One prior system in which the location of the dart is automatically 
detected and electrically scored is shown for example in U.S. Pat. No. 
4,057,251 (JONES et al.). In that system the scoring segments are formed 
by a plurality of movable plates having holes therein. When the tip of a 
thrown dart enters one of the holes in a plate, the plate is mechanically 
displaced by the momentum of the dart so as to close and actuate an 
electrical switch to detect and locate the position of the dart on the 
dart board. However, these moveable mechanical plate and switch systems 
have a number of disadvantages including complexity, reliability and 
longevity. 
In another prior system the moveable mechanical plates have been eliminated 
and the dart board is formed of multiple, sandwiched layers of alternating 
conductive and insulative materials. When the metal tip of a dart is 
embedded in a scoring segment or area, it pierces and electrically 
connects two such conductive layers completing a circuit between them to 
indicate the location of the dart. Examples of such systems are shown in 
U.S. Pat. No. 4,244,583 (WOOD et al.) and published UK Patent Application 
No. 2,030,877. A principal disadvantage of the latter systems is their 
reduced longevity due to the deterioration of the scoring segments after 
repeated piercing. 
Various systems have also been proposed in which transmitting and receiving 
antennae are provided for the transmission of electromagnetic signals, and 
in which one of the antennae is formed by treating or otherwise coating 
the conventional sisal fibers of a conventional dart board so as to render 
the fibers electrically conductive to form one of these antennae. In these 
conductive fiber systems, when a metal tipped dart is embedded in the 
conductive fibers, the dart itself becomes a part of the antenna in which 
it is embedded and, thereby, increases the signal strength of either the 
received or transmitted signal depending upon the function of the 
conductive material in which the dart is embedded. Examples of these 
systems are shown in U.S. Pat. Nos. 4,678,198 (BOWYER et al.) and 
5,462,283 (ALLEN). Some of the disadvantages of these systems are their 
low scoring reliability and/or difficulty of placement or overall size of 
at least one of the antennae. 
Still other systems have relied upon the generation of electromagnetic 
fields utilizing individual coils fixed adjacent the respective scoring 
areas. When a dart having the ability to affect the electromagnetic 
activity is embedded in one of the areas, the field generated by the coil 
is altered and the alteration is detected to indicate the presence and 
location of the dart. Examples of these systems are described in German 
Utility Model G 88 06 580.4 and published UK Patent Application No. 
2,086,243. One of the disadvantages of these systems is that they are 
complex and cumbersome due to the need for placement and energization of 
the numerous and space consuming electromagnetic coils. 
More recently a system has also been proposed which like some of the prior 
systems can utilize a conventional sisal fiber dart board, but which 
avoids the need to coat or otherwise treat the fibers with an electrically 
conductive compound, and which relies on a principle of interference with 
electromagnetic radiation by an embedded dart, rather than the dart acting 
as part of a transmitting/receiving electromagnetic radiation antenna. An 
example of such system is shown in published PCT Application No. 
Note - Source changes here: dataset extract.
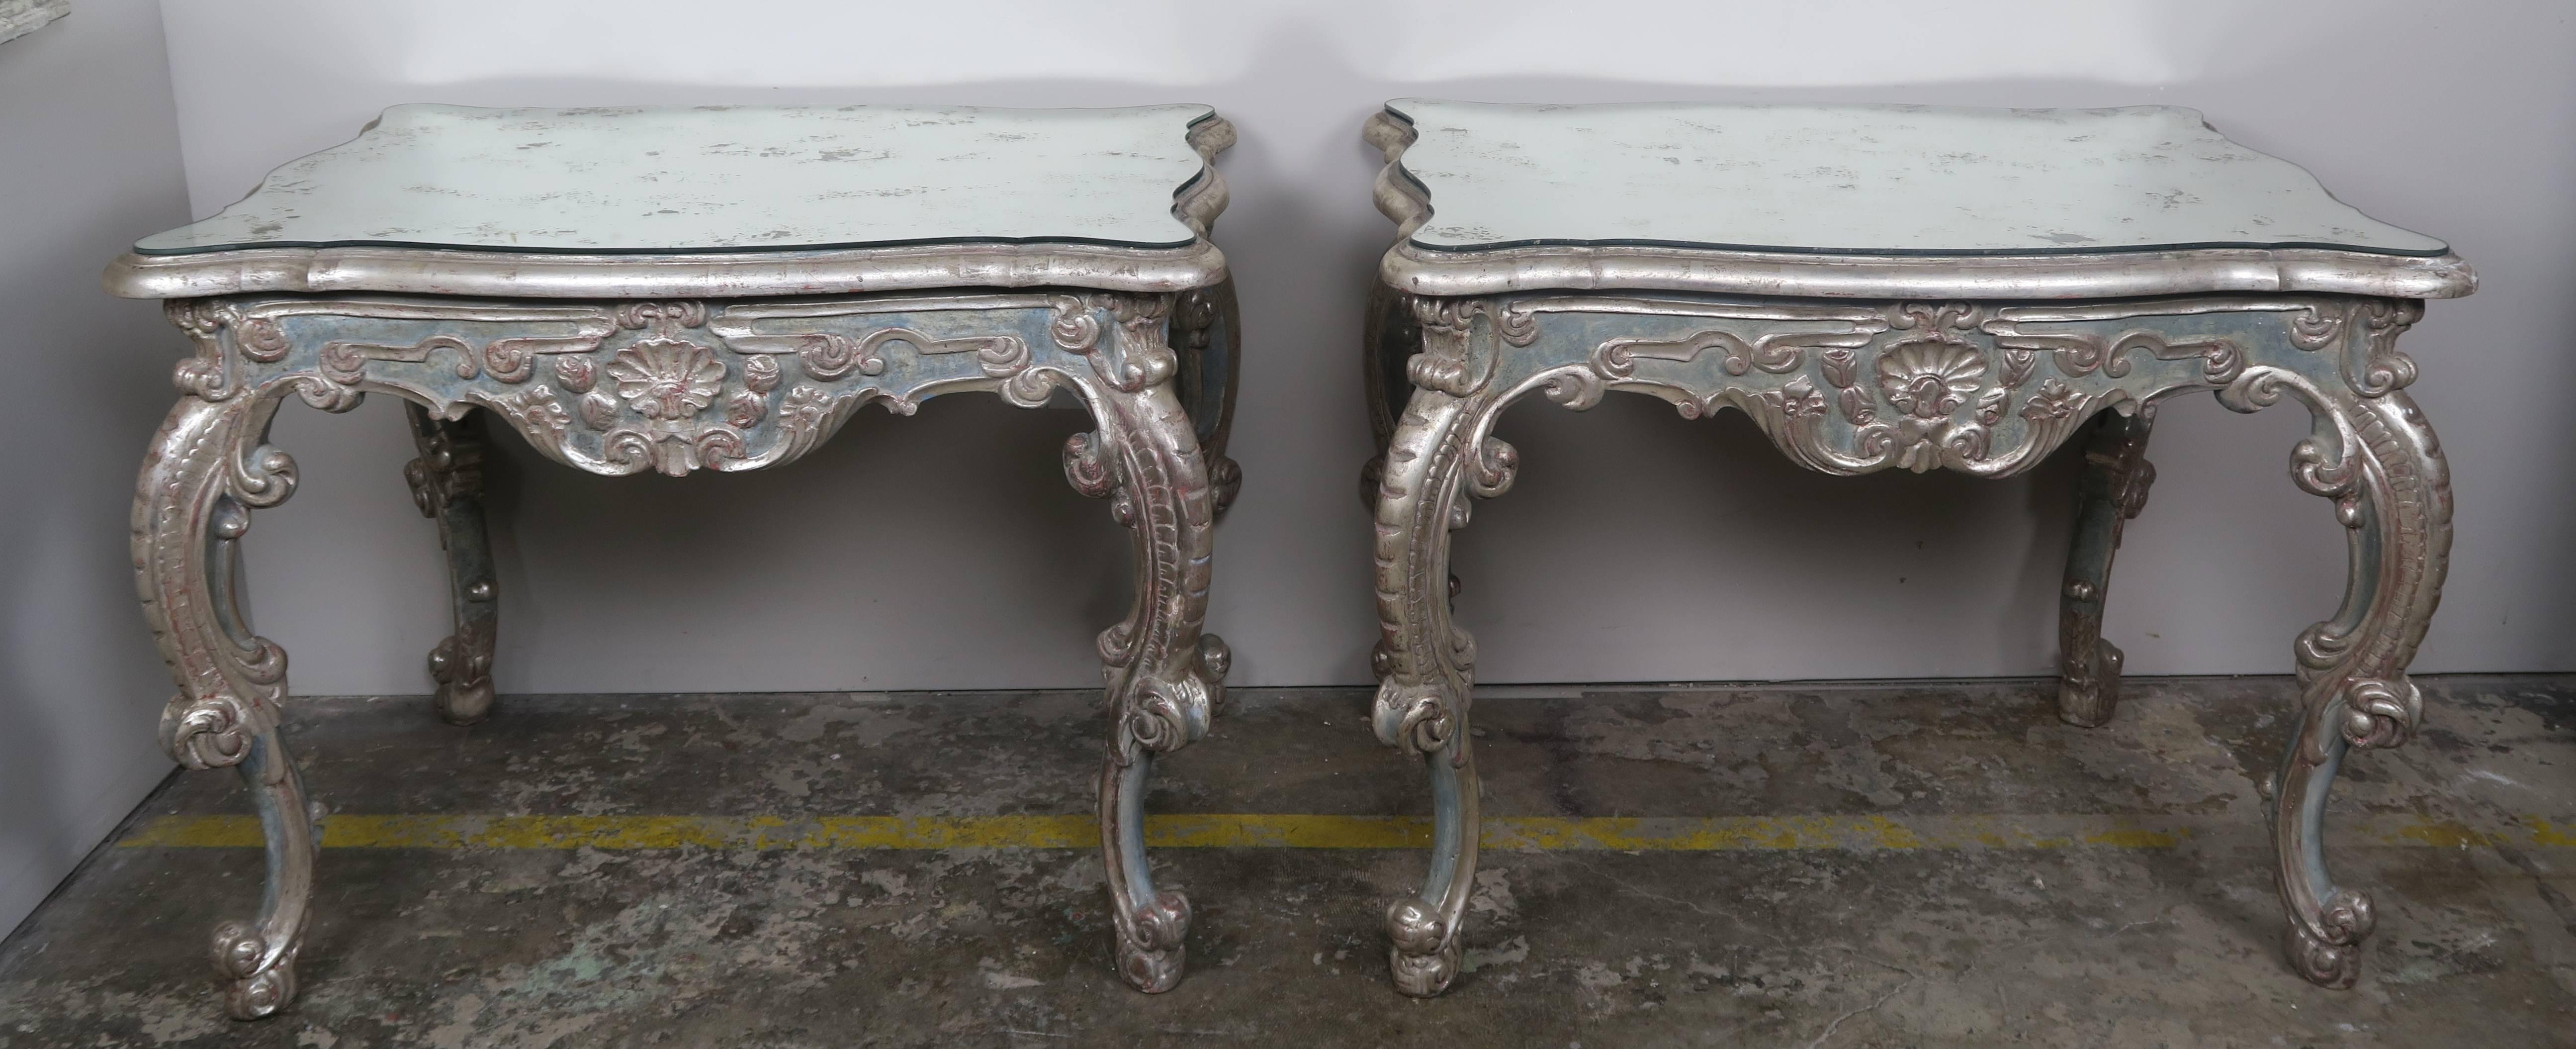 Pair of French painted and silver gilt carved wood tables standing on four cabriole legs with ram's head feet. Beautiful carving throughout. Antique mirrored serpentine shaped tops.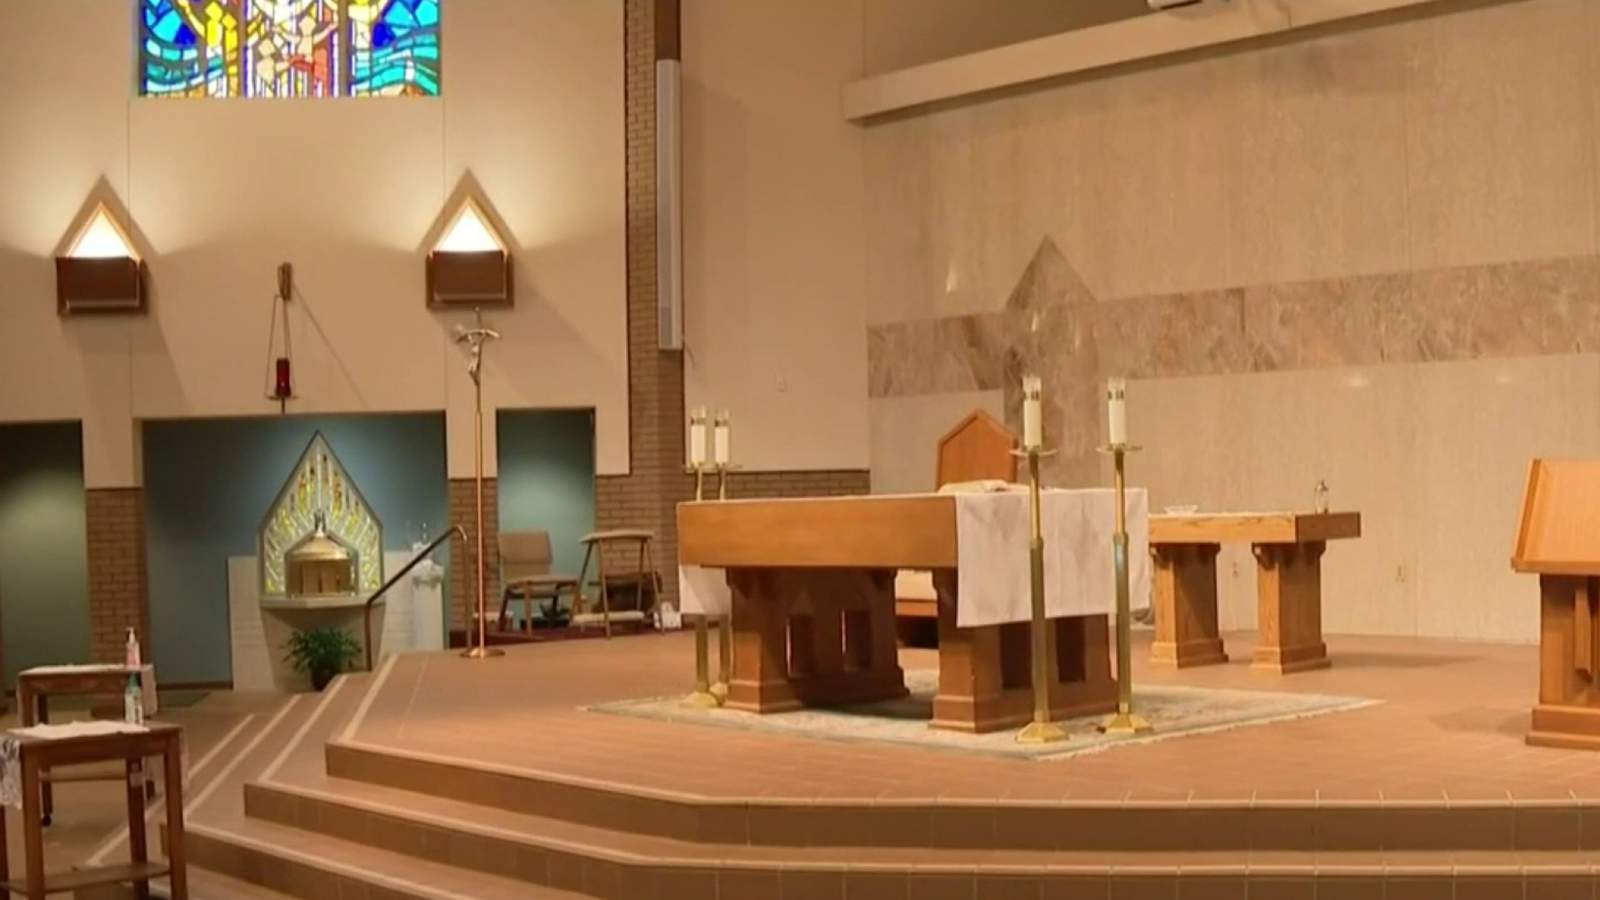 Several Michigan churches and parishes to reopen after pandemic hiatus

W095/04251. Although this system enjoys a number of advantages over the 
prior systems earlier described herein, there is still room for 
improvement in reliability, simplicity and reduction in manufacturing ease 
and expense. 
A system incorporating the principles of the present invention for 
automatically detecting and locating a missile embedded in a target, such 
as a dart in a dart board, enjoys one or more advantages over the 
aforementioned systems of the prior art. One such advantage is that the 
system of the present invention is simple, and is easier and less 
expensive to construct and assemble than many of the systems of the prior 
art. In the system of the present invention, an antenna is positioned on 
the back of the target so that it can be essentially equidistant to all of 
the scoring segments on the front of the target. This results in 
substantially improved reliability and simplicity, eliminates the need for 
an antenna external to the dart board, and in the case of the prior 
systems which required the spacing of an antenna peripherally of the dart 
board scoring area, reduces the size of the overall game assembly. 
Positioning of the antenna at the back of the dart board also 
substantially reduces the power needed from the signal generator. In 
addition, the system of the present invention enjoys an order of magnitude 
of improvement in reliability which will insure that even where darts are 
embedded in a scoring segment closely adjacent the next scoring segment, 
the location of the dart in the proper and correct segment will be easily 
discriminated and accurately read virtually all of the time. 
In one principal aspect of the present invention, a system is provided for 
detecting and locating a missile embedded in a target having a front face 
with a plurality of target areas formed of a first material into which 
first material one or more of the missiles may be selectively embedded 
from the front face of the target. A first electrically conductive area is 
located in the target areas and adjacent the front face, and a back is 
provided on the target opposite the front face. A second electrically 
conductive area is positioned adjacent the back, and the second 
electrically conductive area is spaced and electrically separated from the 
first electrically conductive area. A signal generator imparts a signal to 
one of the aforementioned conductive areas whereby that one of the 
conductive areas defines a transmitting antenna for an electromagnetic 
signal corresponding to the signal imparted to the one conductive area. 
The other of the conductive areas defines a receiving antenna for the 
electromagnetic signal which is transmitted from the transmitting antenna. 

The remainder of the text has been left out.